Уже несколько дней внутри меня все кипело, голова раскалывалась от постоянного удивления. Но главное заключалось даже не в количестве и многообразии вопросов, а в том, что почти каждый шаг ставил под сомнение мою безграничную веру в спонсоров, преклонение перед ними – черту, свойственную всем без исключения домашним любимцам.

Улицы Москвы были почти пусты, сквозь трещины асфальта росли трава и кусты, порой глубокая колея огибала дерево, выросшее на мостовой, порой и асфальта не было – впереди оказывалась яма, и ее приходилось преодолевать по непрочному деревянному мосту. Но мосты существовали – значит, кто-то по городу ездил.

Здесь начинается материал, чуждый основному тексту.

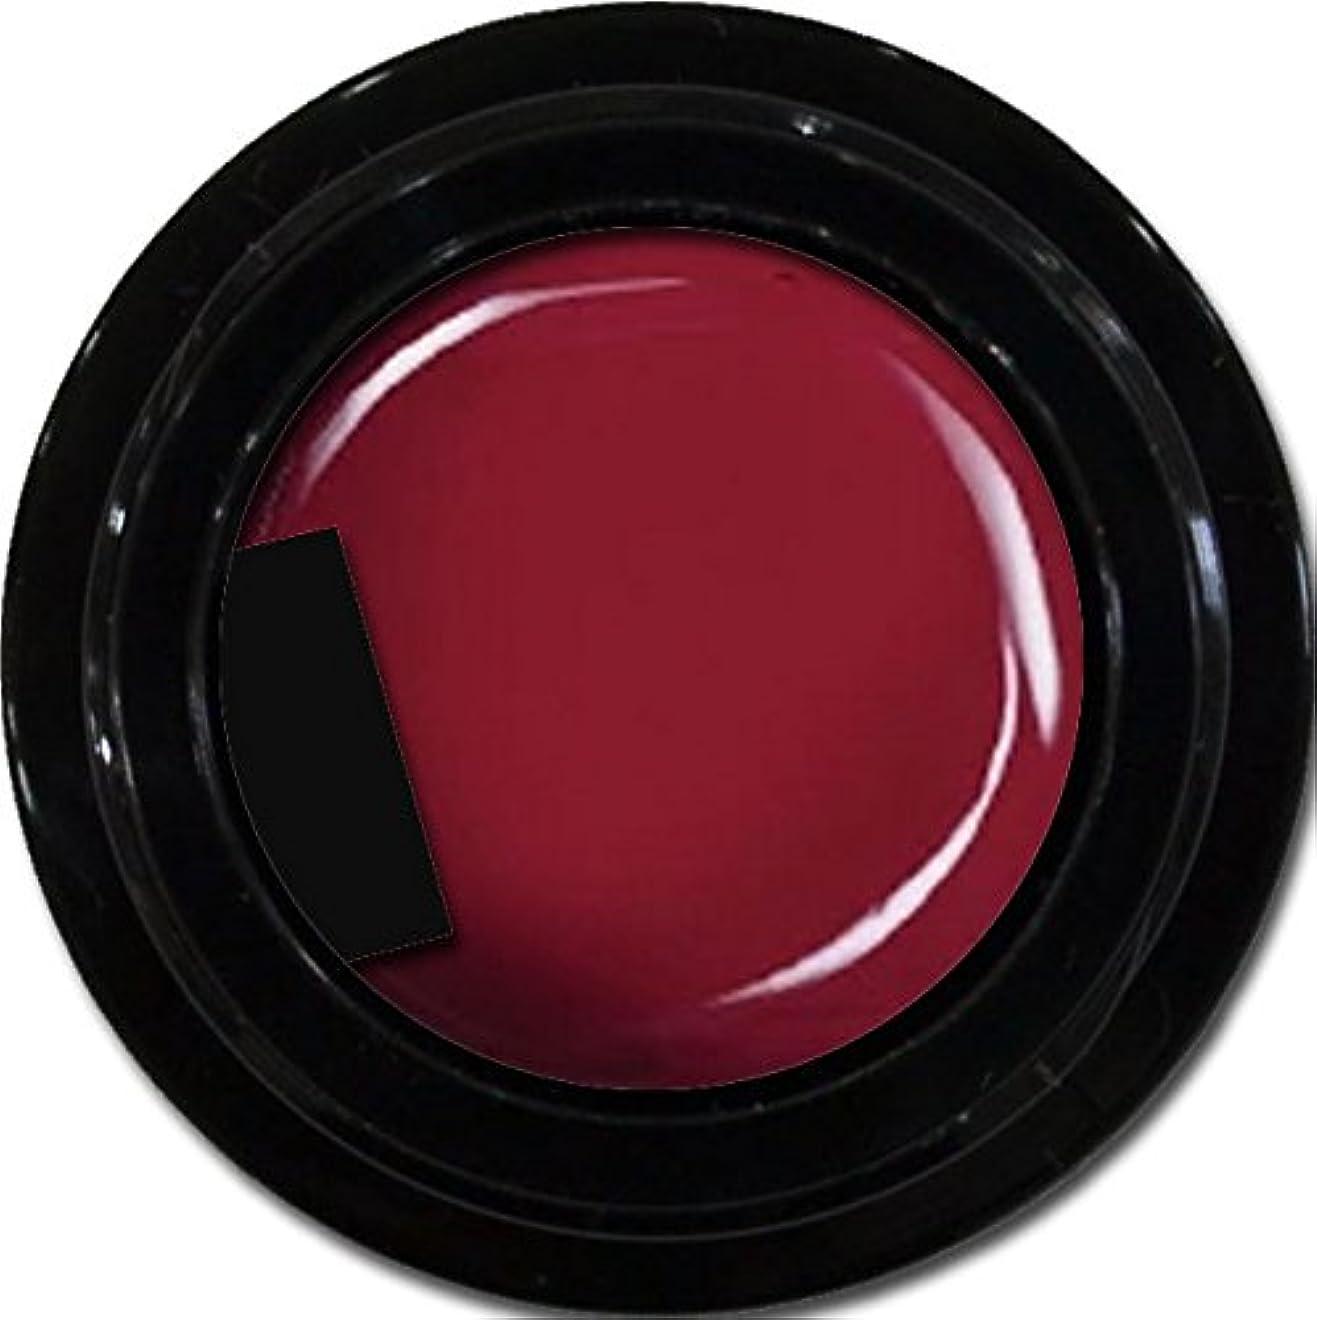 起きろコーン剛性カラージェル enchant color gel M408 PlumJerry 3g/ マットカラージェル M408プラムジェリー 3グラム

Но как пешеходы, так и машины встречались очень редко. Сначала у арки я увидел собранную из частей старых машин колымагу, в которой сидел курчавый голый человек и громко пел. Колымага была нагружена досками и бревнами. Потом, уже в той части города, где лес был реже, а дома выше, я увидел патрульную машину спонсоров. Это зрелище мне было знакомо – точно такие зеркальные машины обязательно ездили вечером и ночью и по нашему городку. Помню в детстве они меня поражали тем, что снаружи были отшлифованы до зеркального блеска. Когда такая машина едет по городу, в своих округлых боках она отражает все: и небо, и окружающие деревья, и дома. Но все в ней кажется искаженным, кривым; только поэтому и можно рассмотреть машину и угадать ее форму. Когда-то на мой детский вопрос, зачем они так делают, госпожа Яйблочко ответила, что, когда злые люди хотят стрелить в такую машину, они обязательно промахнутся.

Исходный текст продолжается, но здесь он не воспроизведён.